**Problem statement**
In the data below, repeat the line containing "SPRAY ZONE PAINT" and every following line exactly, up to and including the last line. Exclude pictures.

**Data provided**
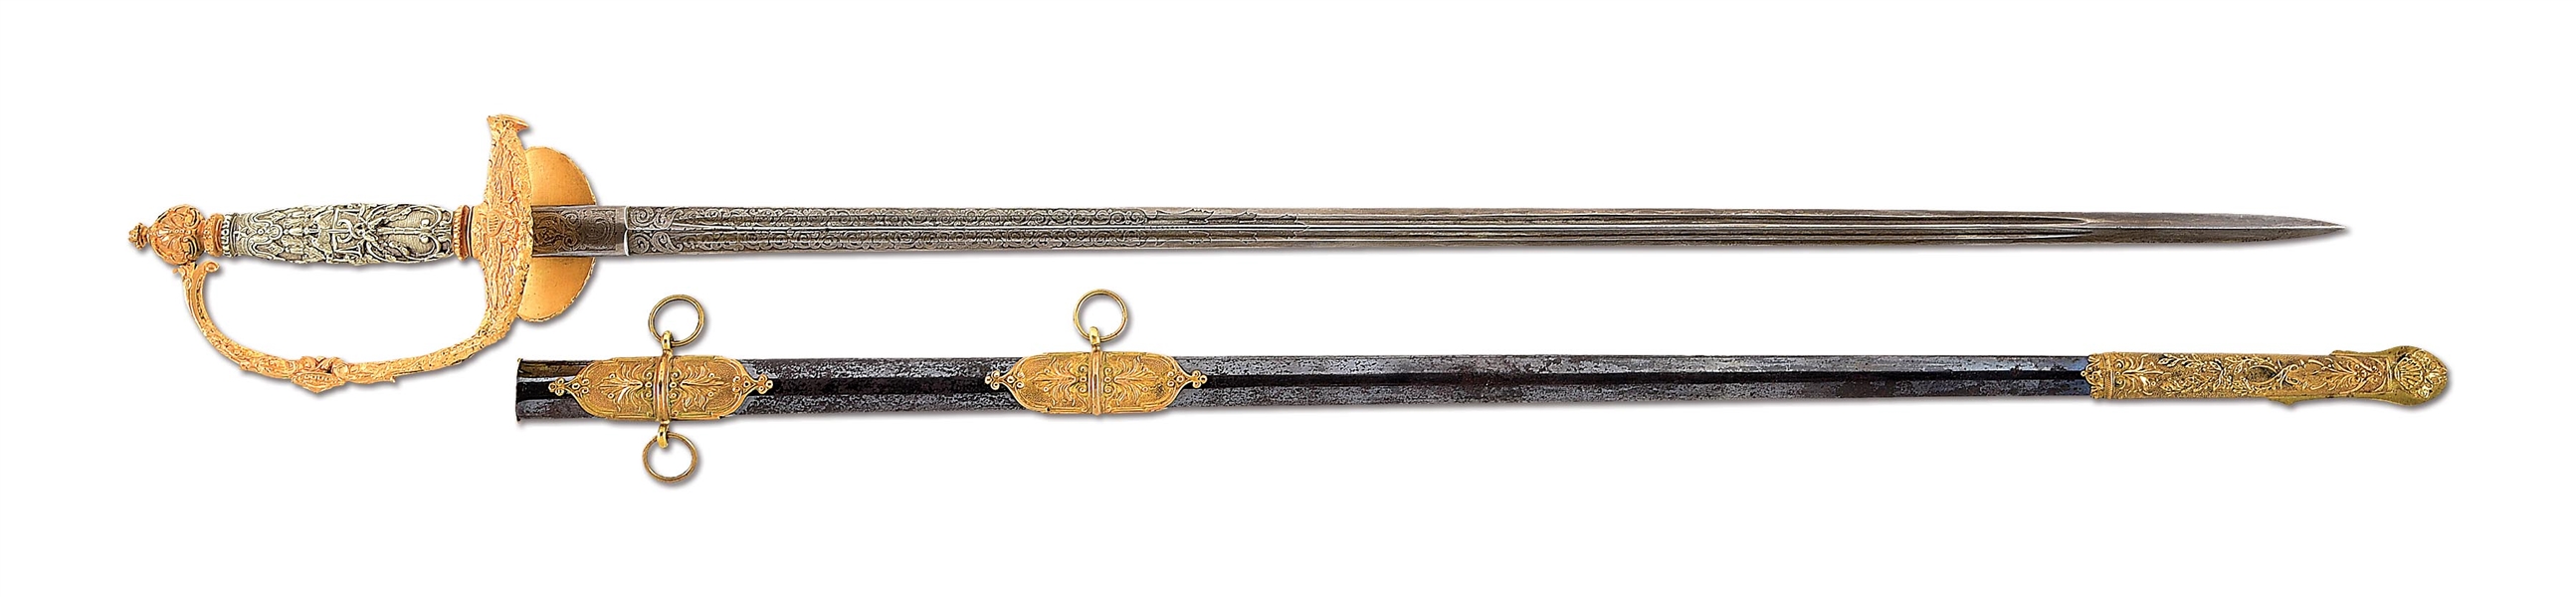 ORNATE M1860 STAFF AND FIELD OFFICER SWORD WITH DAMASCUS BLADE.
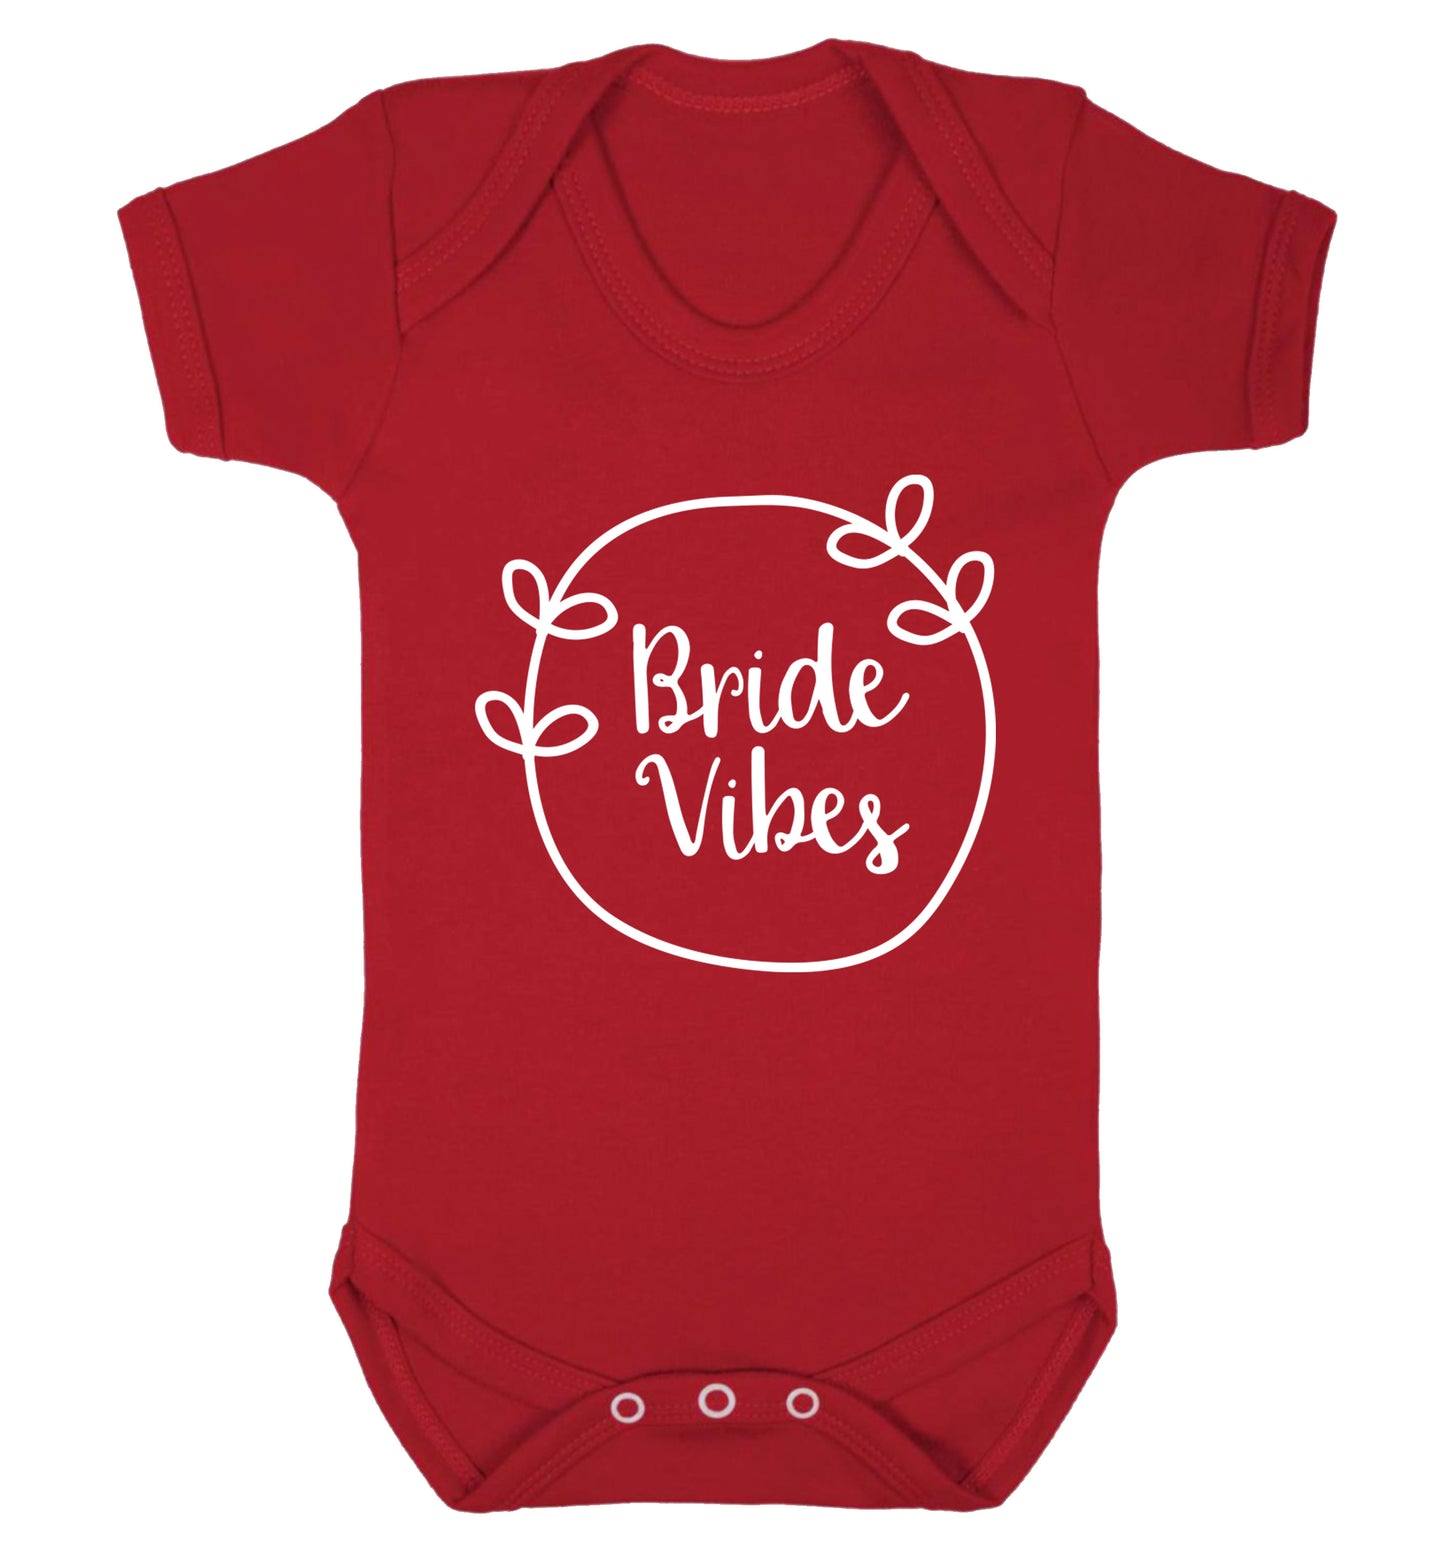 Bride Vibes Baby Vest red 18-24 months
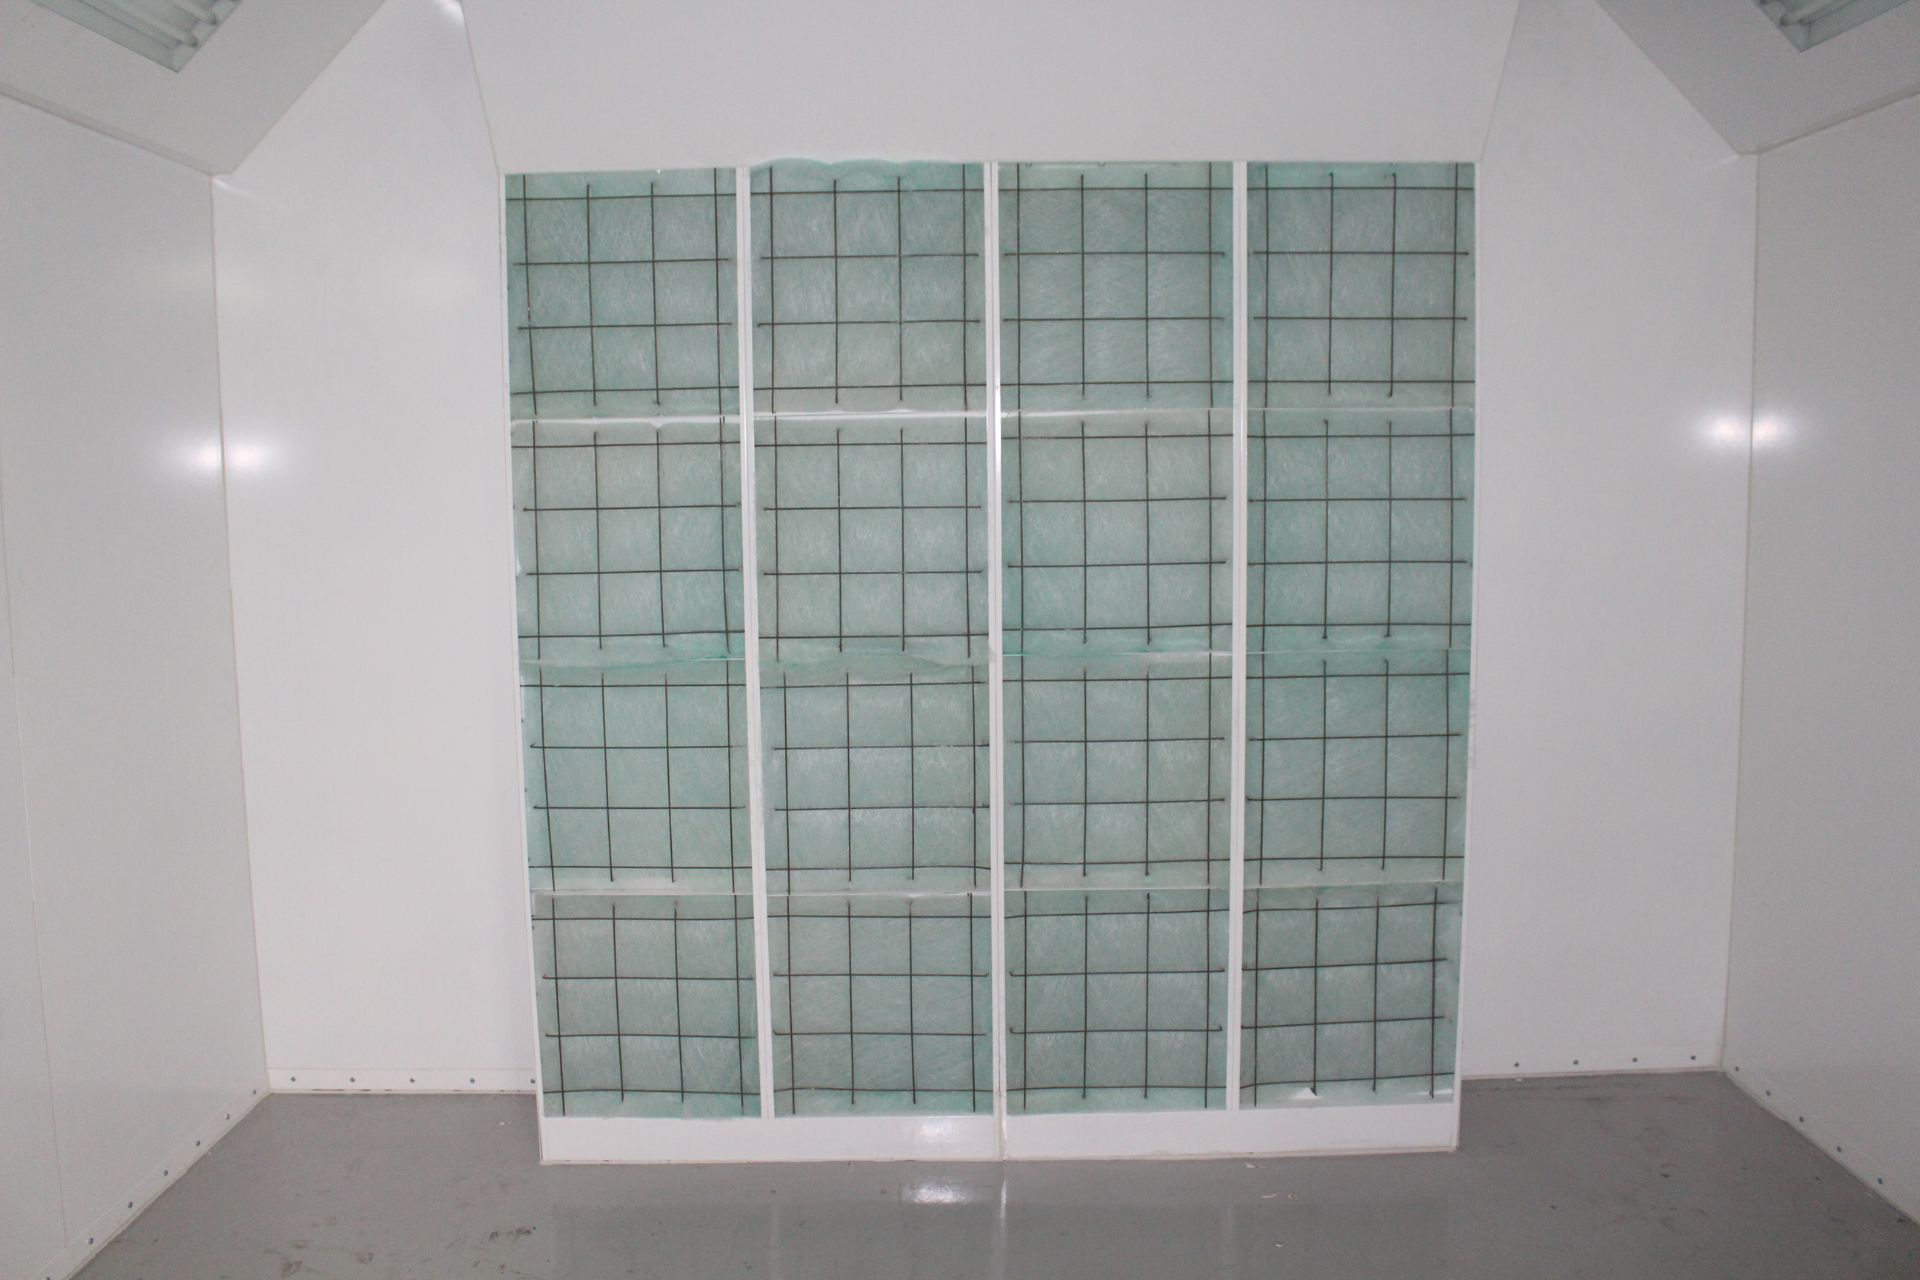 SPRAY ZONE PAINT SPRAY BOOTH, BRAND NEW, 169" LONG X 143" WIDE INSIDE DIMENSION - Image 12 of 15
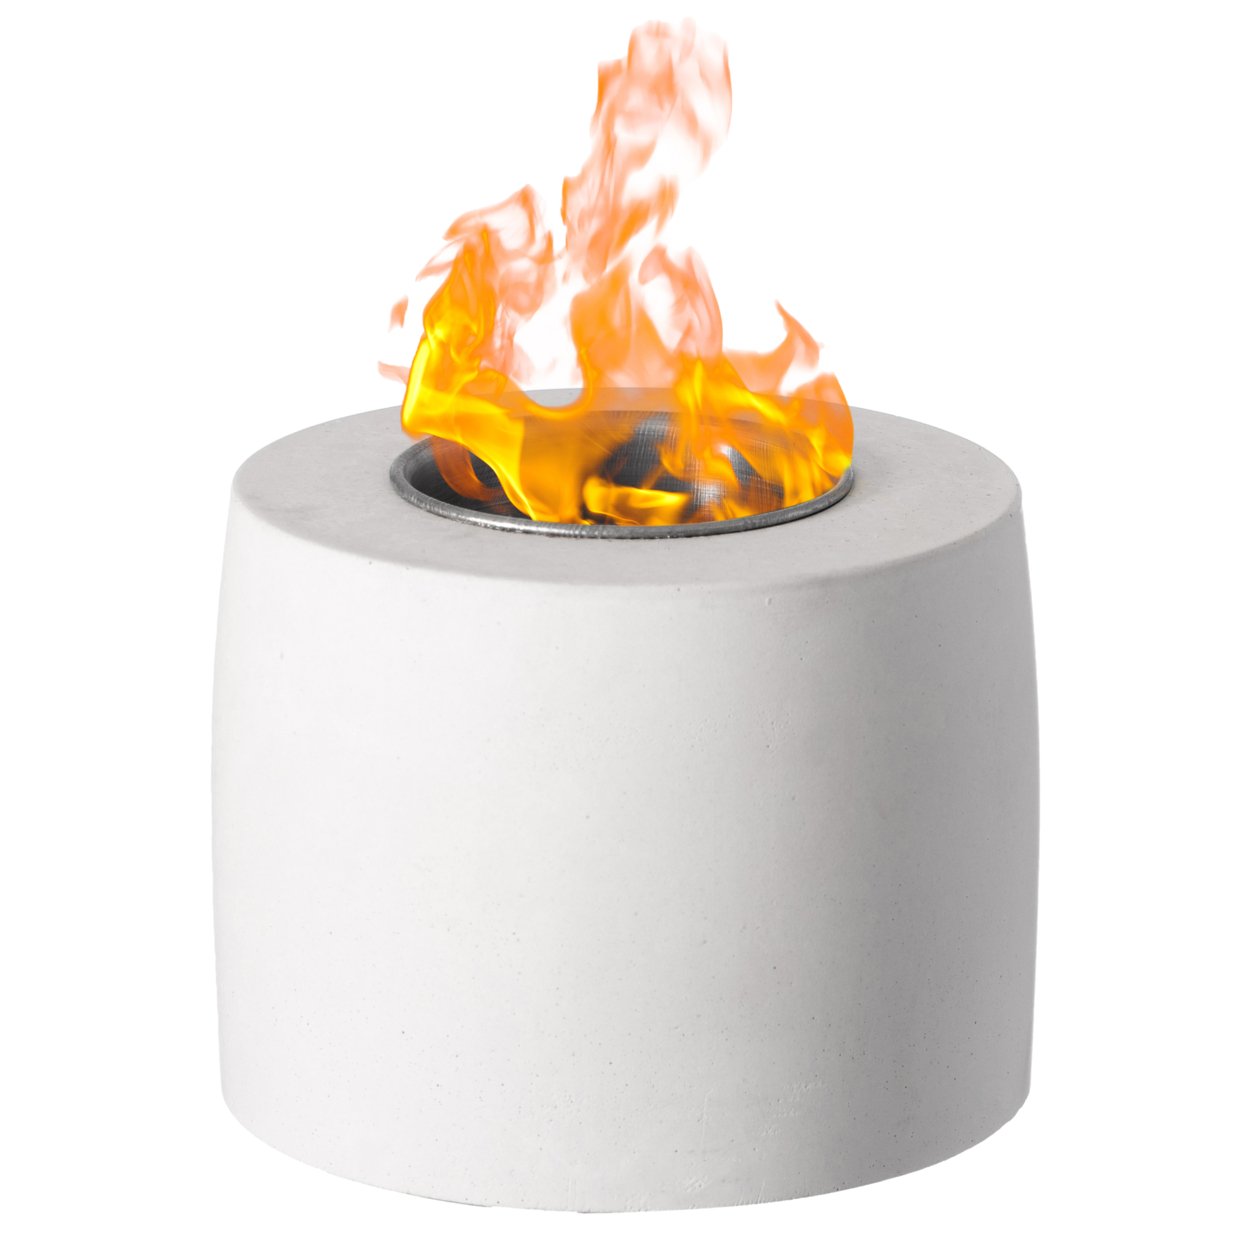 Mini Tabletop Fire Pit Rubbing Alcohol Fireplace Indoor Outdoor Portable Fire Concrete Bowl Pot Fireplace - Bowl

**Task result**
 SPRAY ZONE PAINT SPRAY BOOTH, BRAND NEW, 169" LONG X 143" WIDE INSIDE DIMENSION - Image 12 of 15
 Mini Tabletop Fire Pit Rubbing Alcohol Fireplace Indoor Outdoor Portable Fire Concrete Bowl Pot Fireplace - Bowl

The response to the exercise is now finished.